Just to be clear, this smoke unit is not the "prime mover" smoke unit that is a nice little black box with a fan and a microprocessor to control everything. This new unit is in MOST newer Aristo diesels and steamers. 

Regards, Greg


----------



## aceinspp (Jan 2, 2008)

Ok Greg read the post says its passenger cars.


----------



## Greg Elmassian (Jan 3, 2008)

I know, just was trying to clarify for people who do not know there is more than one type of Aristo smoke unit. 

Regards, Greg


----------



## Totalwrecker (Feb 26, 2009)

Greg, 
Do you know the voltage that the Prime mover smoker oprates on? I got one from a battery conversion and am thinking it would be ok for the caboose chef and his blackened pork chops.... 

Thanks, 
John


----------



## Greg Elmassian (Jan 3, 2008)

The prime mover one will run at any voltage you throw at it. I have run them on 24 volts DCC. It is microprocessor controlled and has an internal voltage regulator, and full wave bridge on the input, so you can run them from AC even. 

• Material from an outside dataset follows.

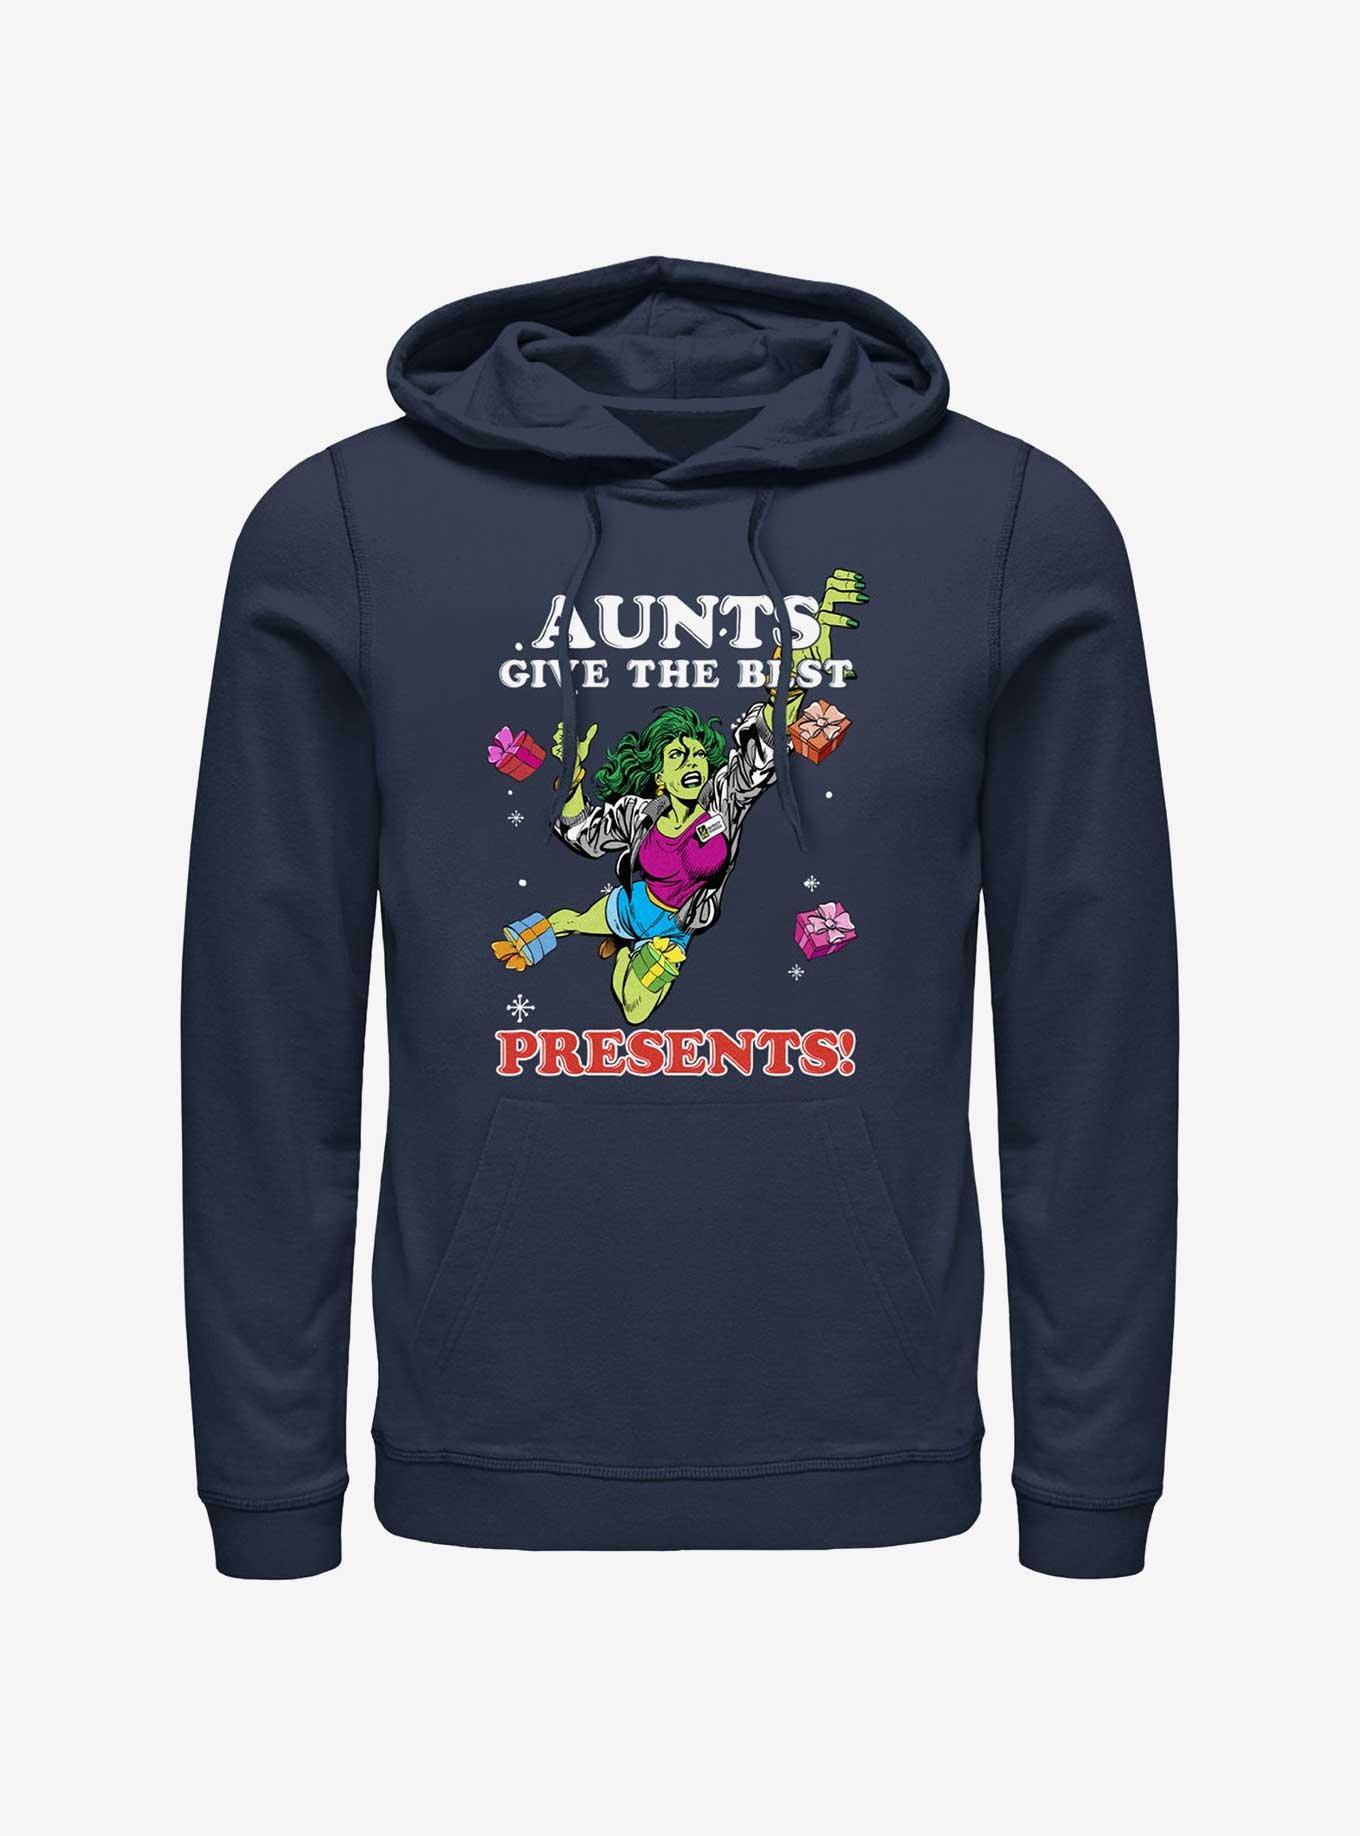 Marvel She-Hulk Aunts Give The Best Presents Hoodie, NAVY, hi-res

They make a lot more smoke, and will shut off when they run out of fluid. 

Regards, Greg


----------



## Totalwrecker (Feb 26, 2009)

Thanks Greg, 
The crew will be happy to know they can 'smoke it up'! 

John


----------



## Greg Elmassian (Jan 3, 2008)

By the way, no matter what Aristo tells you, use 3.5 cc of fluid per filling... 4cc fills the reservoir, but some can spill if you rock it side to side. A properly functioning unit will give you at least 20 minutes of smoke, and usually 40... We have tested about 20 of the buggers... 

Regards, Greg


----------



## Daniel Peck (Mar 31, 2009)

I use MTH 0 gauge proto 1 units with a little modification they will fit in aristo little black box. 3 of these units will smoke you out of the house! I would have to look up the part number for you..


----------



## Dan Pierce (Jan 2, 2008)

The LGB /Suethe generators will last a long time without fluid in them. 
Just be sure to get the proper voltage as there are many different seuthe voltages available. 


Here is a place that has a 22 volt unit. 

http://www.modelrailcraft.com/SearchResults.asp 

And an LGB type 16 volt unit: 

http://www.eurobahntrains.com/pictures.asp?iProductID=11961


----------